THE DATA =
--- START ---

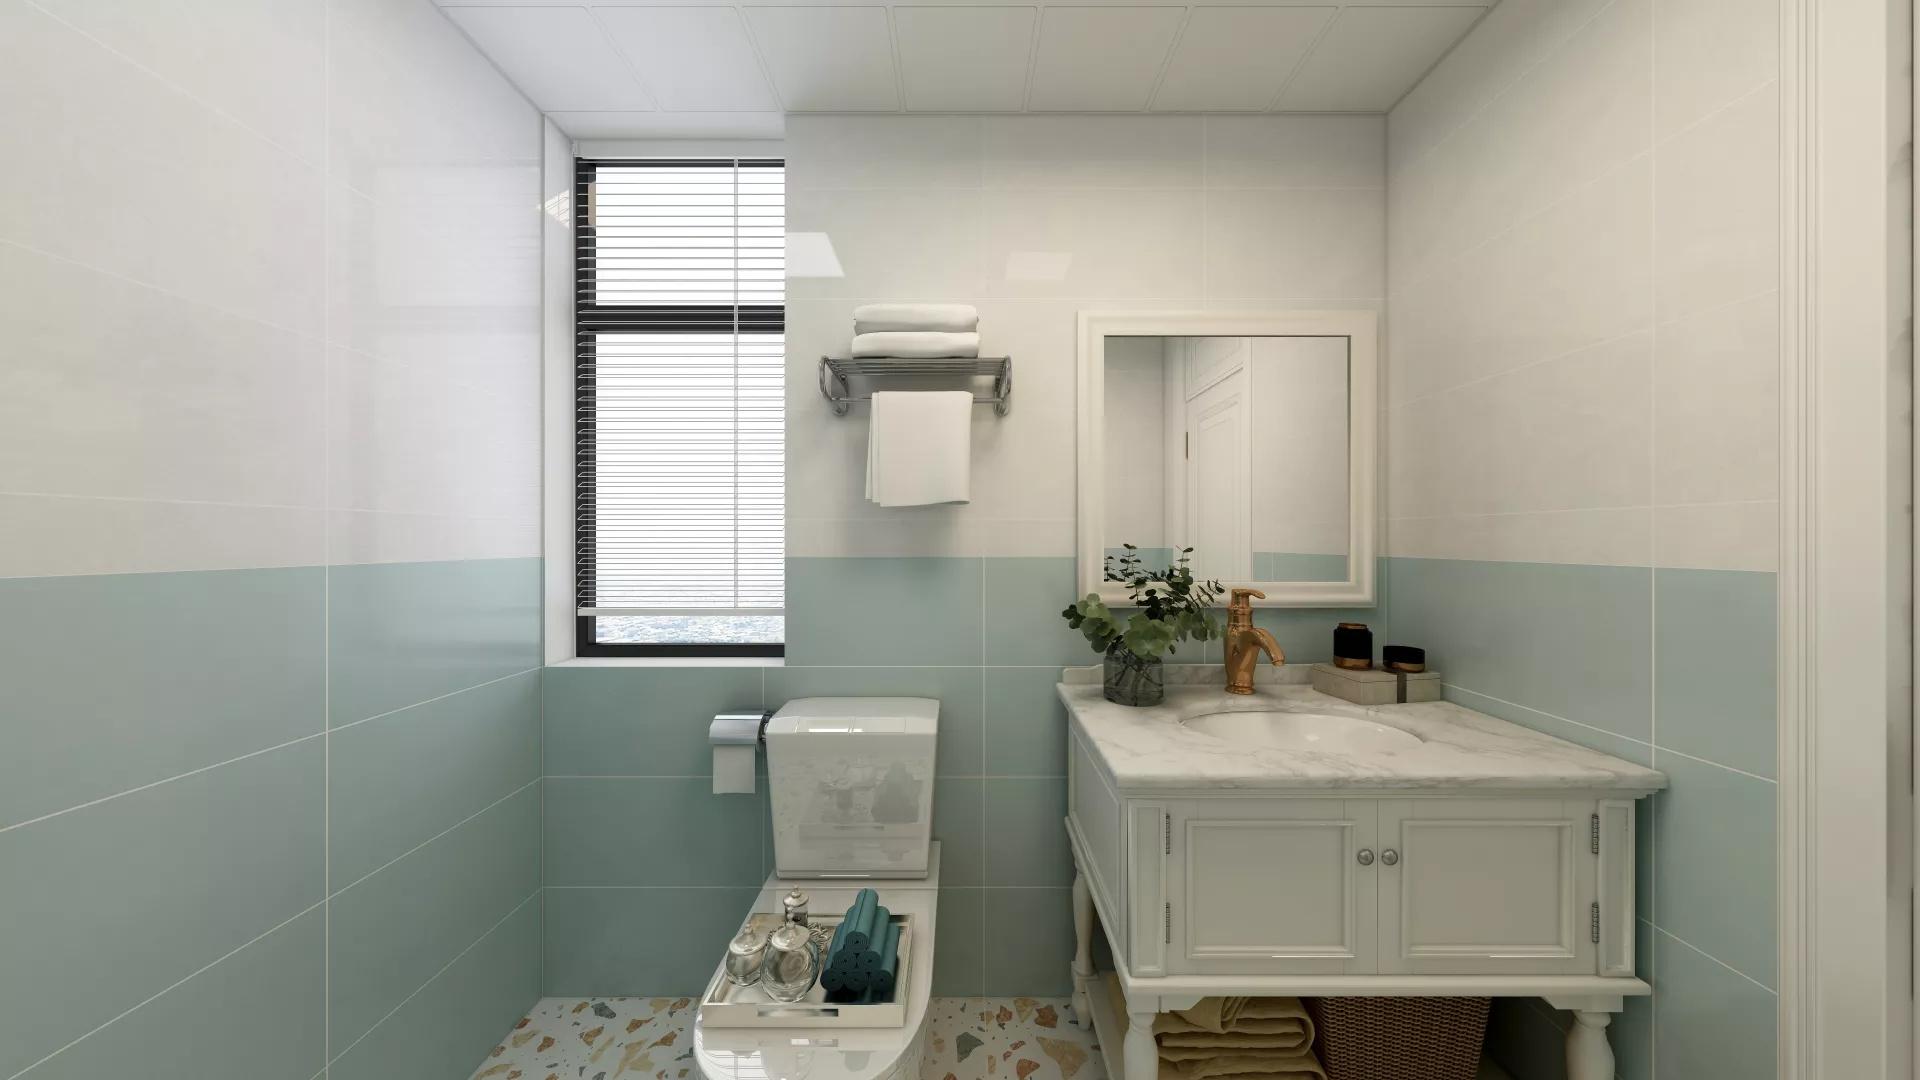 室内照明节能怎么做 家居生活照明节能技巧
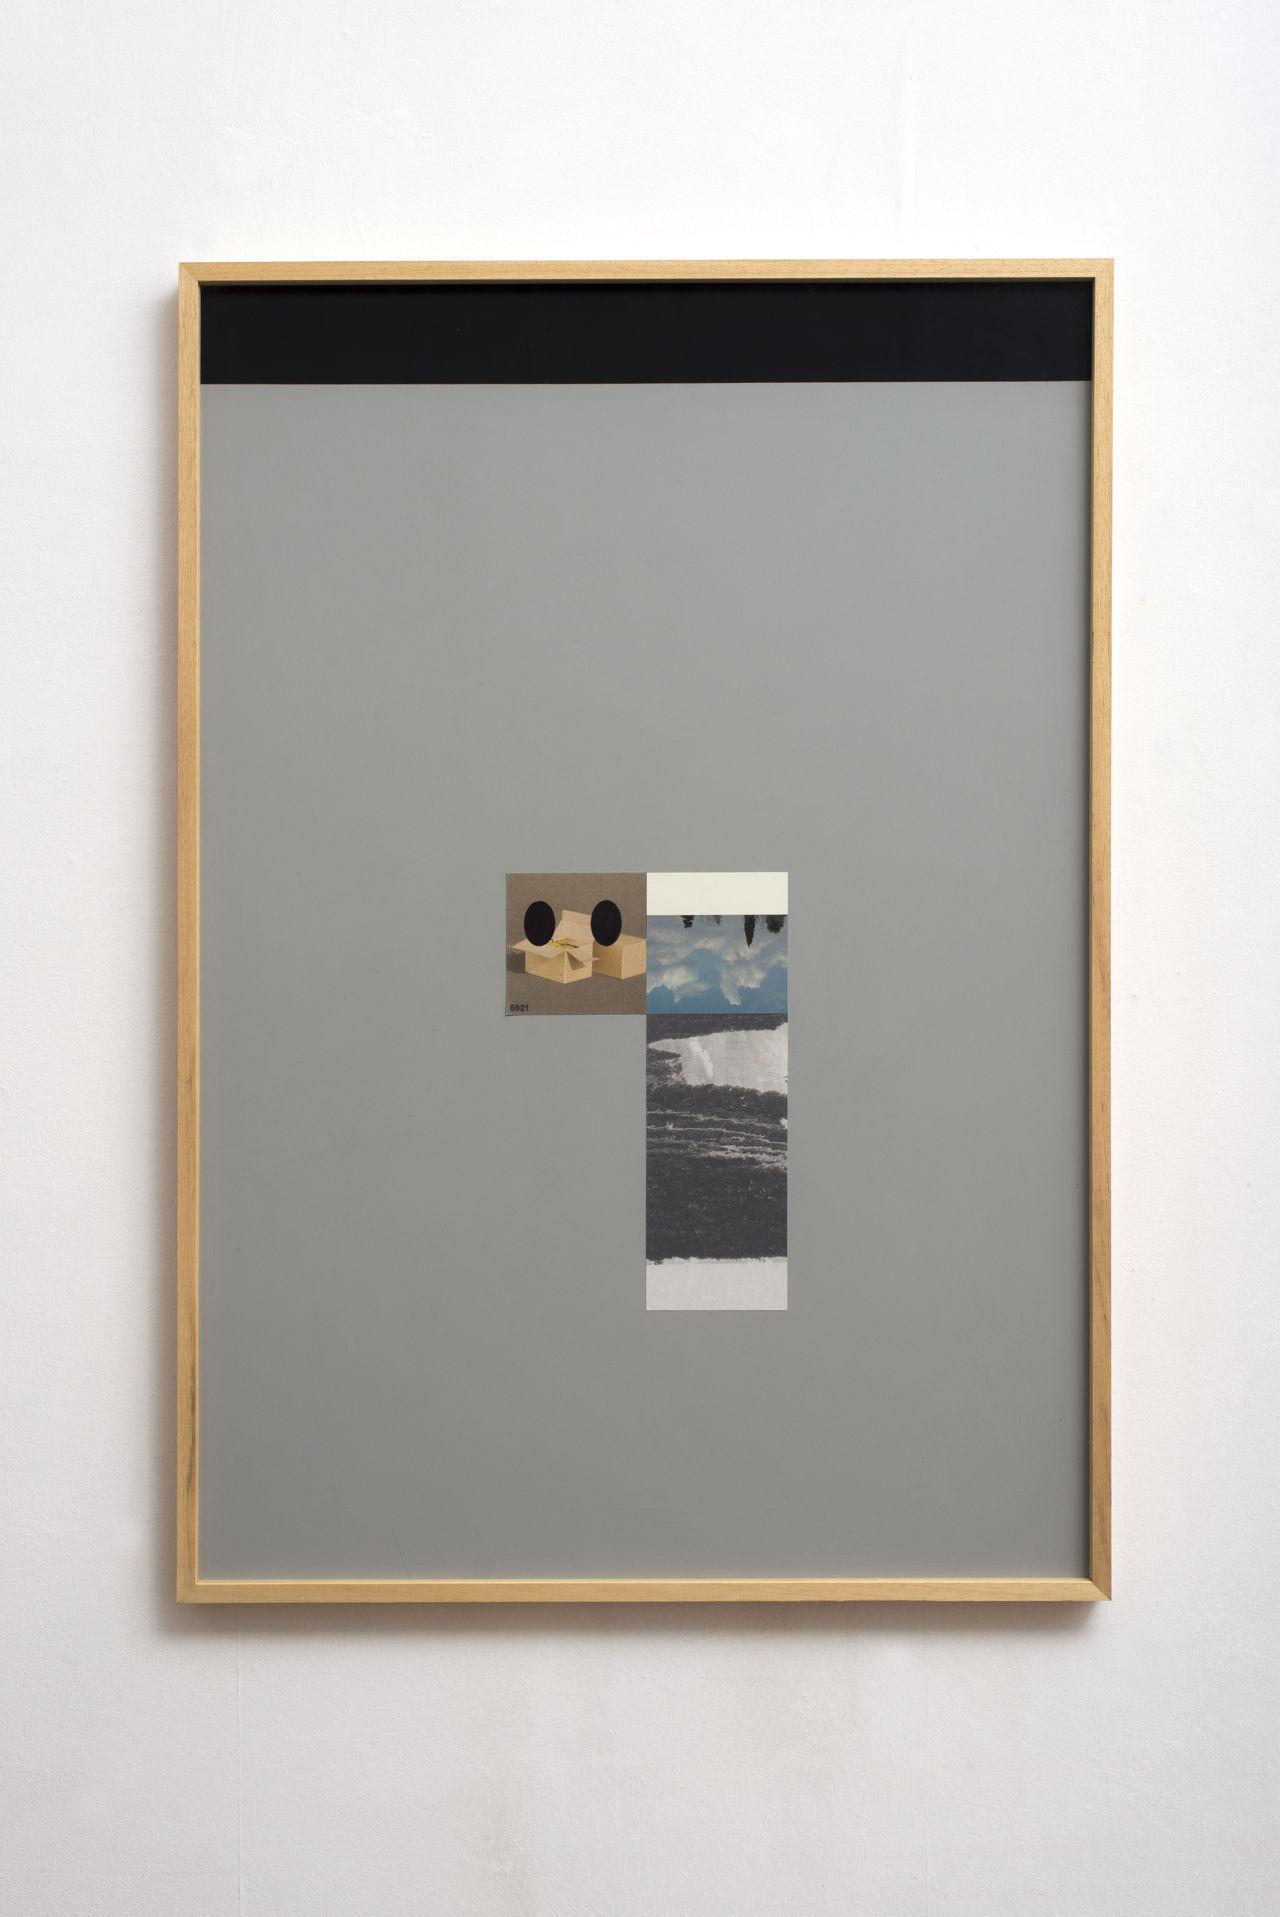 F. Pistillo, Fine del paesaggio, 2016. Stampe digitali ritoccate, applicate su pannello di mdf dipinto ad acrilico opaco, cornice di legno, 101 x 70 cm. ph. G. Benni – (Copia web)
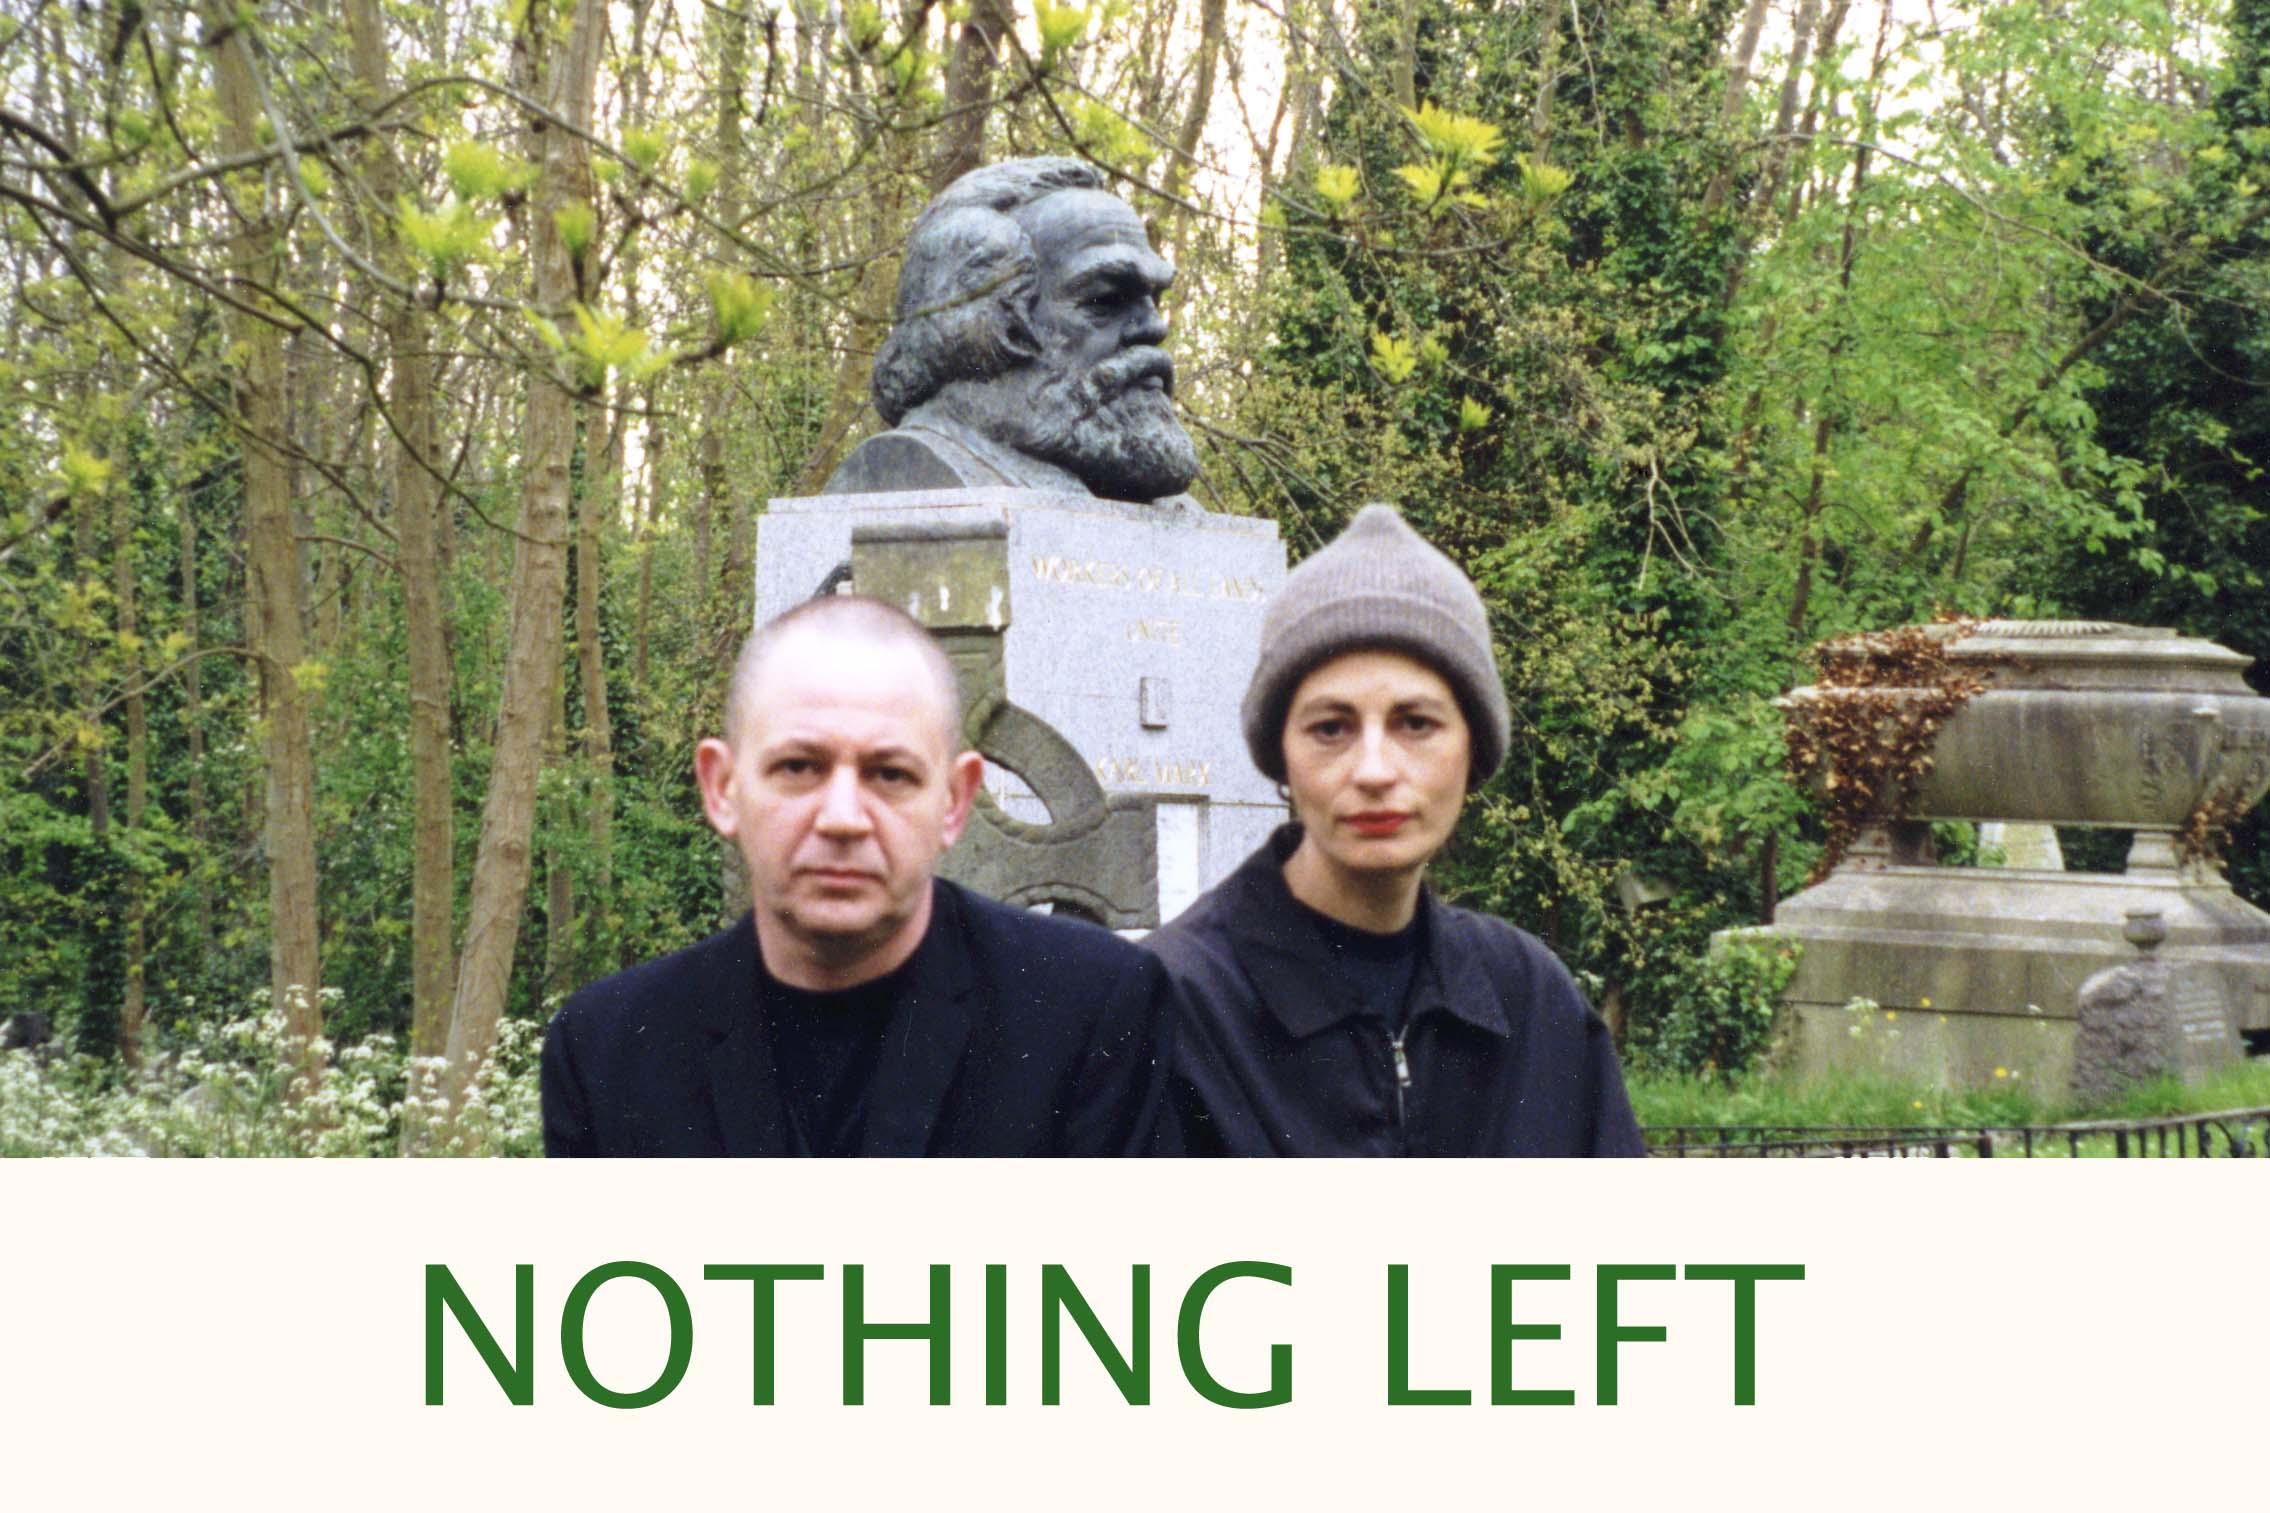 Nothing Works Art in Ruins 2001 Postcard

--- END ---

TASK BRIEF = Write out the whole listing above exactly; do not include the pictures.

TASK RESULT =
 室内照明节能怎么做 家居生活照明节能技巧
 F. Pistillo, Fine del paesaggio, 2016. Stampe digitali ritoccate, applicate su pannello di mdf dipinto ad acrilico opaco, cornice di legno, 101 x 70 cm. ph. G. Benni – (Copia web)
 Nothing Works Art in Ruins 2001 Postcard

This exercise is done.